No wonder we had many anthropologists, sociologists, religious missionaries in our midst camouflaged as innocent they can be, they have been extracting indigenous livings since day one they had contacted the third world people. In my book indigenous arts were stolen, copycatted for consumptions, for use of commercial in the western world. I came to think that we have nothing left unearth, from the people of the third world global sphere. Third world cultures has been hijacked specially by high tech culture societies.  Have been to the mall lately? Be my guest, worry not by what you see.

Well you would be surprised by the displays of various forms clothing, third world types jewelers, lather bags deigned that look like they were from your neck of the wood. I recently ordered Timbuktu messenger bag, the exact replica one would find somewhere in the Malian countryside worn by the indigenous people of that areas. Now there is a company called   "Timbuktu" designing these sorts bags in the USA based California. What about the hair does, with many of them resembling indigenous African styles sometimes.

Of course as I said in the above paragraphs, I think one see these kinds blossoming arts anywhere in the western world, they were various cultures, stolen indigenous cultural properties, without doubt owned by commercial world, commercialized, monopolized with tight grip, resoled marketed by multinational corporations abroad to the people who originally own those items of arts. One wonders not really about what’s going. But one can regrets but must accept the objective reality very much so even though with disappointment about the whole saga.

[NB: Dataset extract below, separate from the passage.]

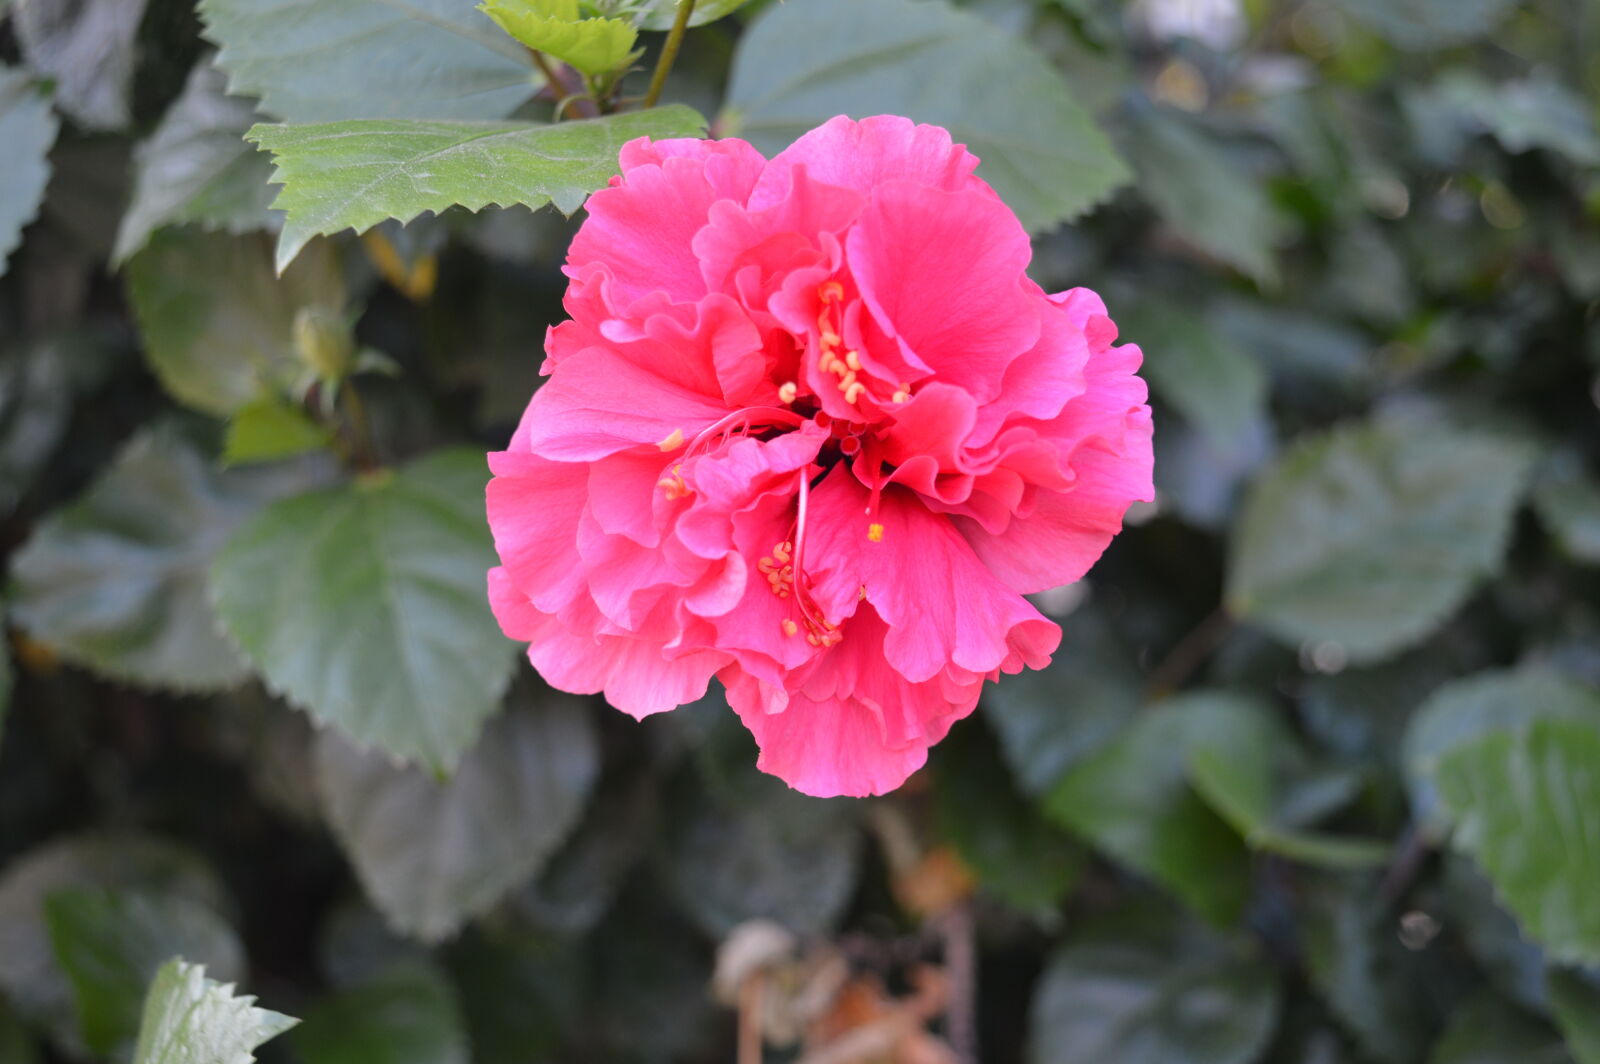 Nikon AF-S DX Nikkor 18-55mm F3.5-5.6G VR II sample photo. Beautiful, flowers, flower, pink photography

But cultural life styles also can be borrowed adopted willingly for good things to happened, cement the social ties: be it wedding anniversary, or newlywed party, or valentine days celebrations, dating or courting  women, or the celebration of the valentine days to enhance or improve our connections, accommodate and bow to each other for the continuation of a healthy marriages, which I fined as imperative, also important; as ingredient for social cohesion.

 These couples here renewed their ten years anniversary with diamond rings.  

If one tells me 30 years ago that such, such persons were going rekindle their 5th or ten years next week, that I should come, celebrate happy -happy time with them.  I would had told them are you out of your minds what kind of nonsense is that? I would had told them straight, look I am an Anyuawa, according to my culture I can marry as much women as I can, so which woman should I pick among many I am going to marry, celebrate her love wedding anniversary with me. The answer would had been none.








But things have changed for the better for many diasporas Anyuawa here in the USA. Just about three weeks ago, in mass many of them celebrated in spectacular, colorfully, with extravaganza 10years wedding anniversary. It has been funfair for the participants, a talk of the towns for the Anyuawa community in the US. I wasn’t there due my sickness but I am told by the architects of the party in charge that it was remarkably celebrated with a lot of festive food, drinks, followed by traditional Anyuawa cultural items displays, shows, and dance, and singings. 





Wedding anniversary celebrated with extravaganza


Boy; I wish I was there but I still enjoy the news of peaceful party with the end results: unity, togetherness, harmony and peace.  As long we are still living in America there are good things to be borrowed from the multicultural society; such as wedding anniversary, valentine day etc.. We must acculturate our self with the new phenomena, but cautiously. Nonetheless; there are also bad things we should be aware not borrow at all. We should be rejecting them as we live without hesitations without compromising our culture.